Many researchers have reported on inclusion removal in a tundish. Zhang et al. 3 proposed three modes of inclusion removal from molten steel in the tundish, namely, floatation to the free surface, collision and coalescence of inclusions to form larger ones and adhesion to the lining solid surfaces. Those researchers studied the three‐dimensional fluid flow with and without flow control devices. The results indicated that flow control devices effectively control the strong stirring energy within the inlet zone. Flow control devices were also favourable for inclusion removal. The total removal ratio was 51% without flow control devices, wherein inclusions with radii >72 μm were totally removed. This increased to 79% with flow control devices where inclusions with radii >61 μm were totally removed. Of the 79% eliminated, removal by floatation was 49·5% and removal by adhesion was 29·5%. The collision and coalescence mode was a better way to remove smaller size inclusions, as the number of collisions per unit time per unit volume of steel was much higher for smaller inclusions than for bigger ones.
Javurek et al. 4 considered the removal of non‐metallic inclusions due to buoyancy forces in continuous casting tundishes. They found the reasons why the particle separation is worse than the calculated maximum possible removal rate. The reasons were unsuitable fluid flow patterns and turbulent diffusion of particles.

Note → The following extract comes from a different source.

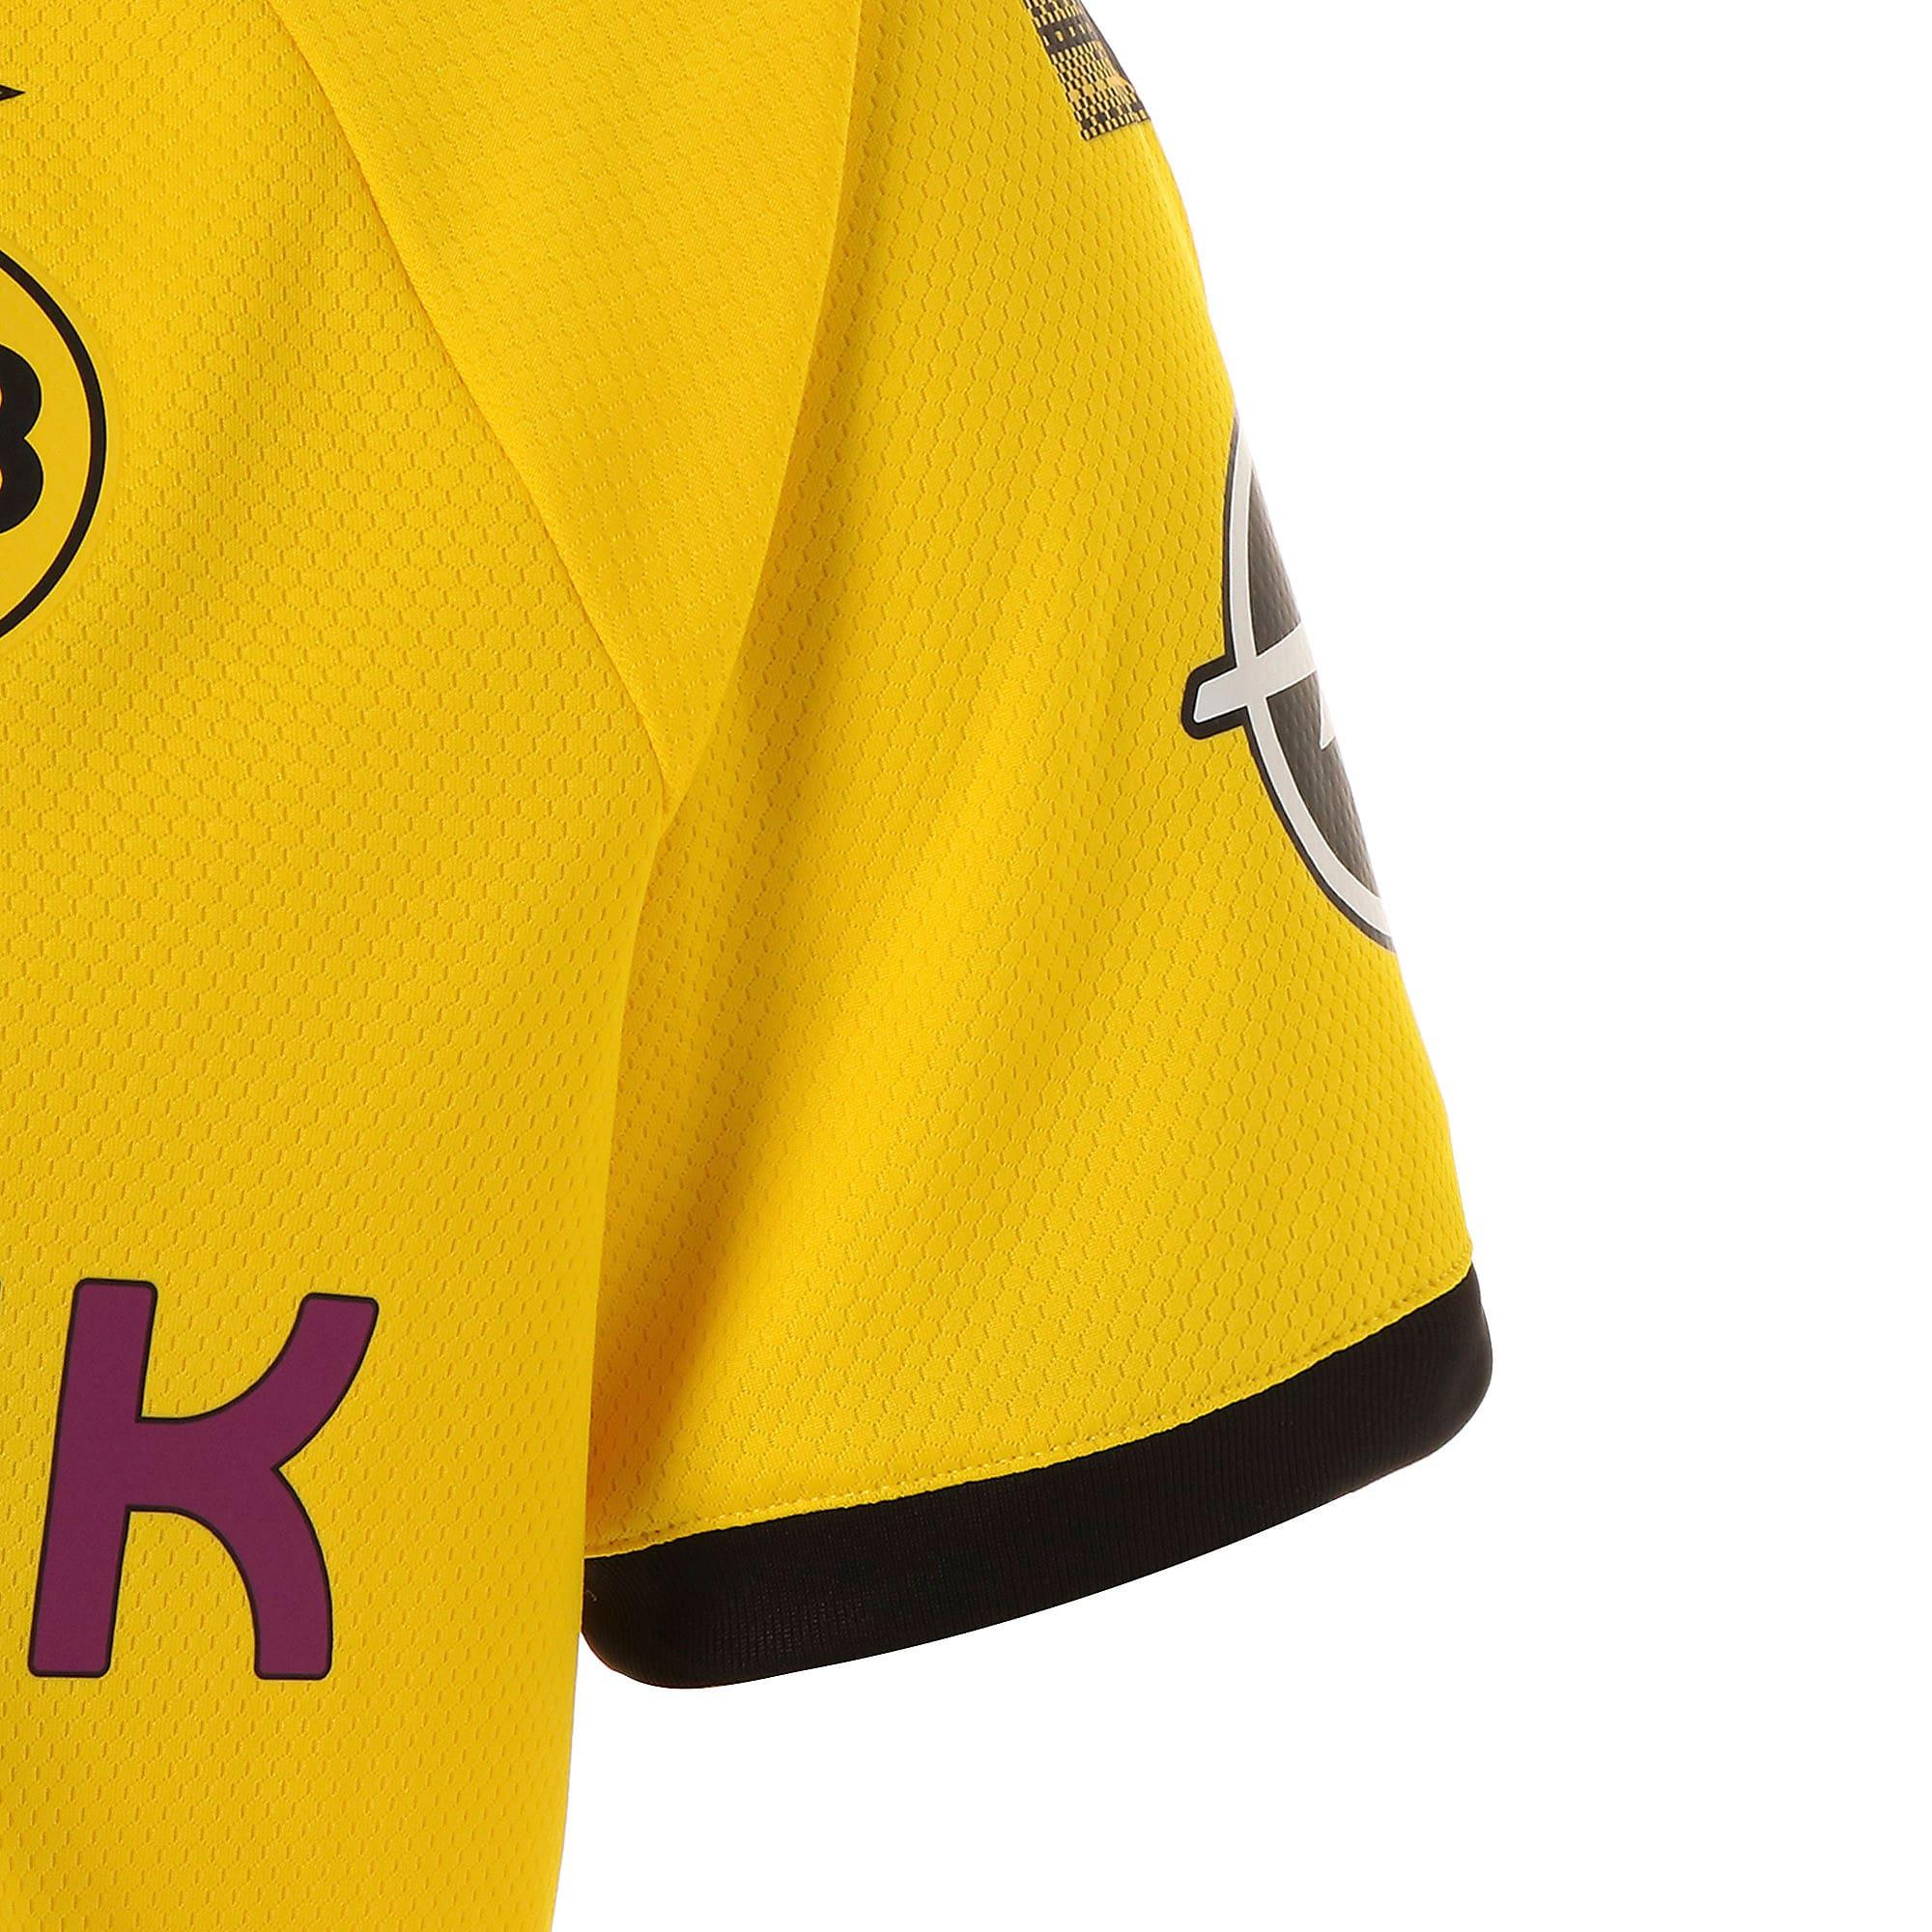 Thumbnail 5 of ドルトムント BVB SS ホーム オーセンティック シャツ 半袖, Cyber Yellow-Puma Black, medium-JPN

They also concluded that residence time distribution curves are an inappropriate measure for estimating particle separation in tundishes. The use of direct calculation and computational fluid dynamics simulation was recommended. Thomas and Bai5 summarised the mechanisms of formation, methods of detection and ways to prevent, tundish nozzle clogging, focusing on the role of computational models in quantifying the non‐composition related aspects. They classified mechanisms for tundish clogging into four main types, namely, the transport of oxides present in the steel to the nozzle wall, air aspiration into the nozzle, chemical reaction between the nozzle refractory and the steel and, lastly, steel solidified in the nozzle.
However, in practice, a clog can be a combination of two or more of the above types. They mentioned that clogging can be best detected during casting by simultaneous monitoring of several different parameters, such as argon back pressure, nitrogen pick‐up by the steel, mould level fluctuations and flow control position relative to casting speed. Solutions to reducing clogging problems were also mentioned by them. They include minimising inclusions by improved steelmaking practices, optimising fluid flow and melt transfer processes, controlling steel alloy additions, slag and refractory compositions, improving nozzle material design, and avoiding air aspiration. Rogler et al. 6 reported the probability of inclusion removal in a tundish by gas bubbling. They7 also performed physical modelling of inclusion removal in a tundish by gas bubbling. They used water as the analogue of steel and linear low density polyethylene (ρ = 0·92) as an analogue for inclusions. They concluded that separation efficiency of inclusion particles within the flowing liquid bath in a tundish is influenced by a number of factors, like overall fluid flow behaviour, chemical and physical nature of the inclusion, size of the inclusions and rates and mechanisms of particle capture by various potential particle sinks. From their study, they showed that flow control devices enhanced particle separation efficiency, and properly sized bubbles induced the highest particle separation efficiencies.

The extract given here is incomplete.